City Council restricts early trash pickups

Ordinances for water supply board also passed at Providence City Council meeting

Senior Staff Writer
Thursday, October 5, 2017

City Councilman David Salvatore, whose resolution to enforce restrictions on early morning waste collection passed, speaks after the meeting with another attendee. Thirteen other ordinances also passed.

At Thursday’s Providence City Council meeting, which lasted for less than 20 minutes, the city passed ordinances about the Providence Water Supply Board and a resolution calling for the enforcement of restrictions on early morning waste collection.

Councilman David Salvatore’s resolution calling to enforce restrictions on early morning waste collection passed.
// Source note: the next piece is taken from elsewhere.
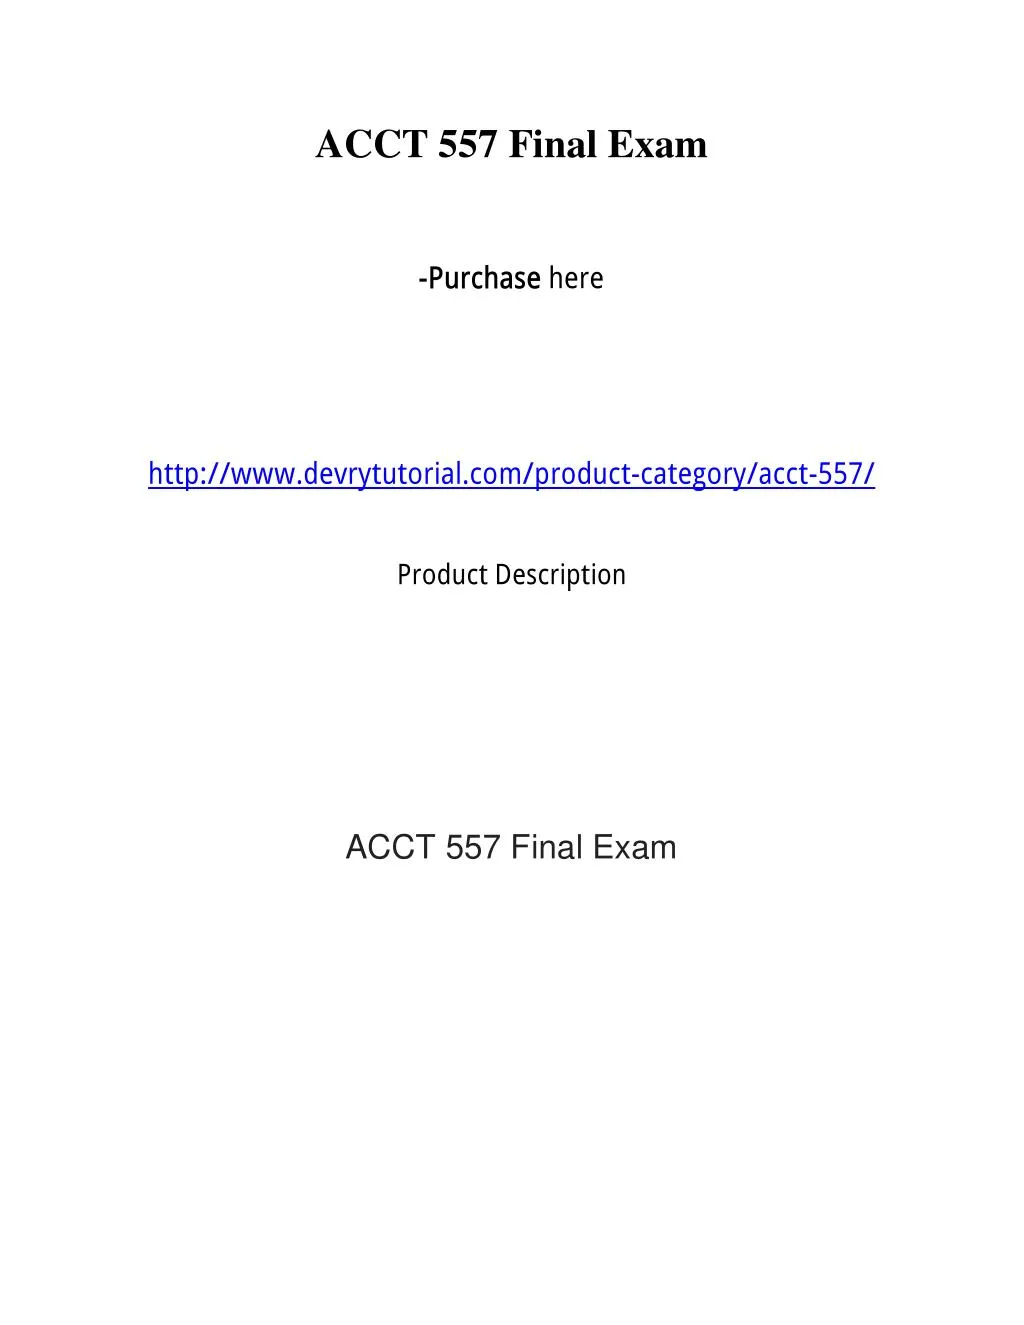 acct 557 final exam

Salvatore said that trash pick-up is too early, and city council members received complaints from the constituents about this issue. “Waste management was in their neighborhoods sometimes at 4:30 in the morning and it is too early to hear the trucks,” said Salvatore.

Thirteen ordinances relating to the Providence Water Supply Board passed all at once. “The water rates are approved by the public utilities commission, so while it is independent from the city, there are still ordinances that the city council has to vet and approve because the city is the owner of the water supply,” Councilman David Salvatore told The Herald.
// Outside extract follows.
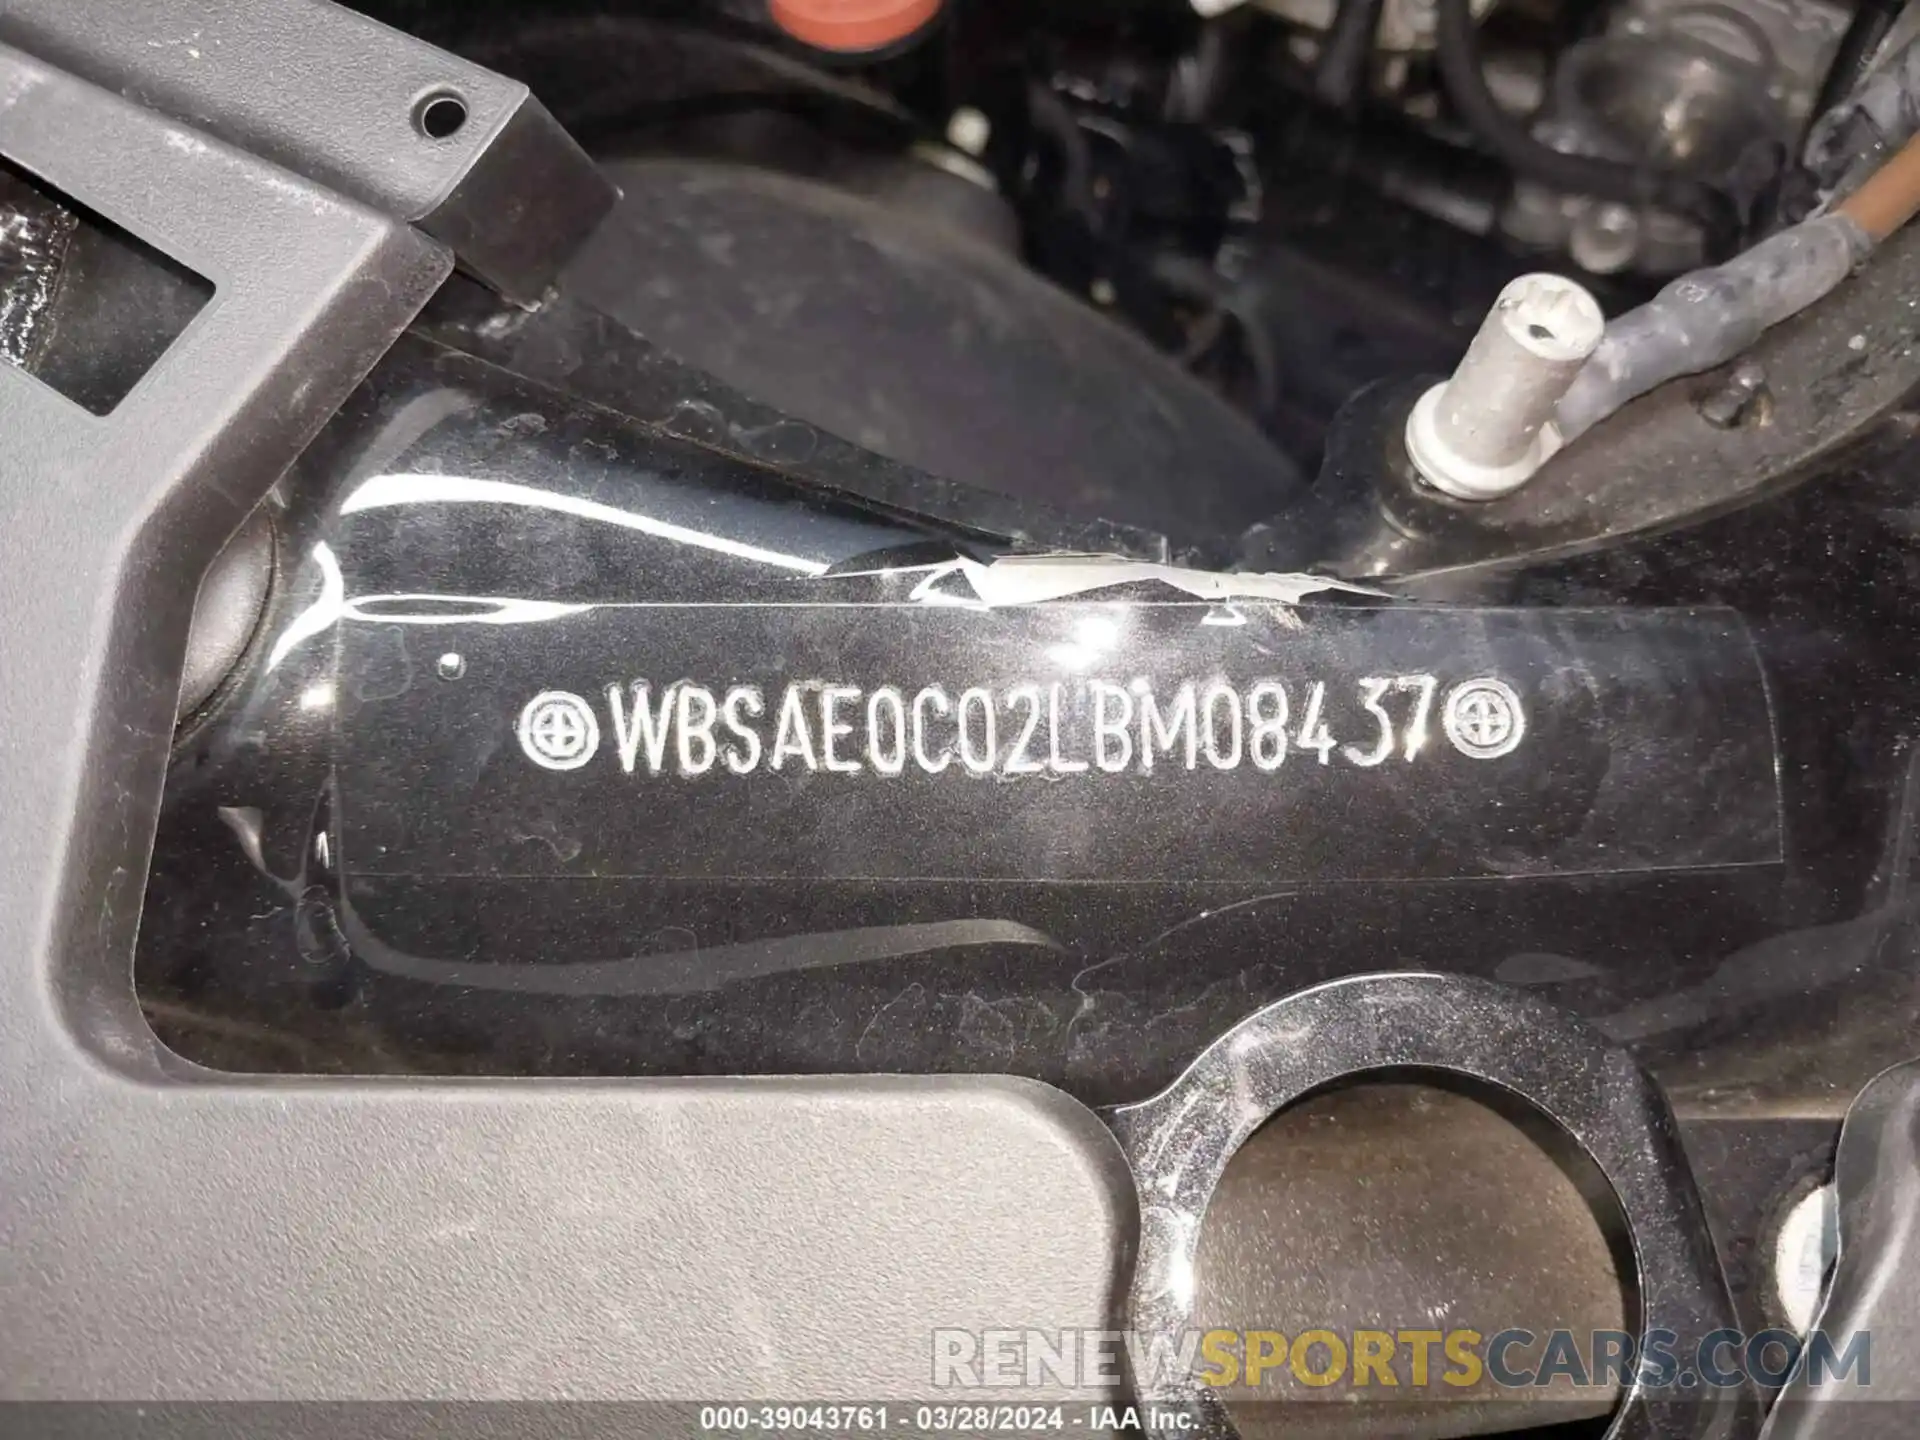 18 Photograph of a damaged car WBSAE0C02LBM08437 BMW M8 2020

A resolution calling for the repair of the Public Safety Complex, which was introduced by Councilmen Luis Aponte and John J. Igliozzi passed.

There were also resolutions which were referred to different committees.

A resolution introduced by Councilwoman Carmen Castillo requesting the Traffic Engineer to install a taxi stand on Fulton Street between Dorrance Street and Eddy Street after 9 p.m. and before 8 a.m. was referred to the Department of the Public Works committee. Castillo called the council to support the taxi drivers who are financially affected by the prevalence of Uber and other car-sharing services.

A resolution designating the intersection of Smith Street and Chalkstone Avenue as “Guy Alba Square” was referred to the Urban Renewal and Redevelopment committee.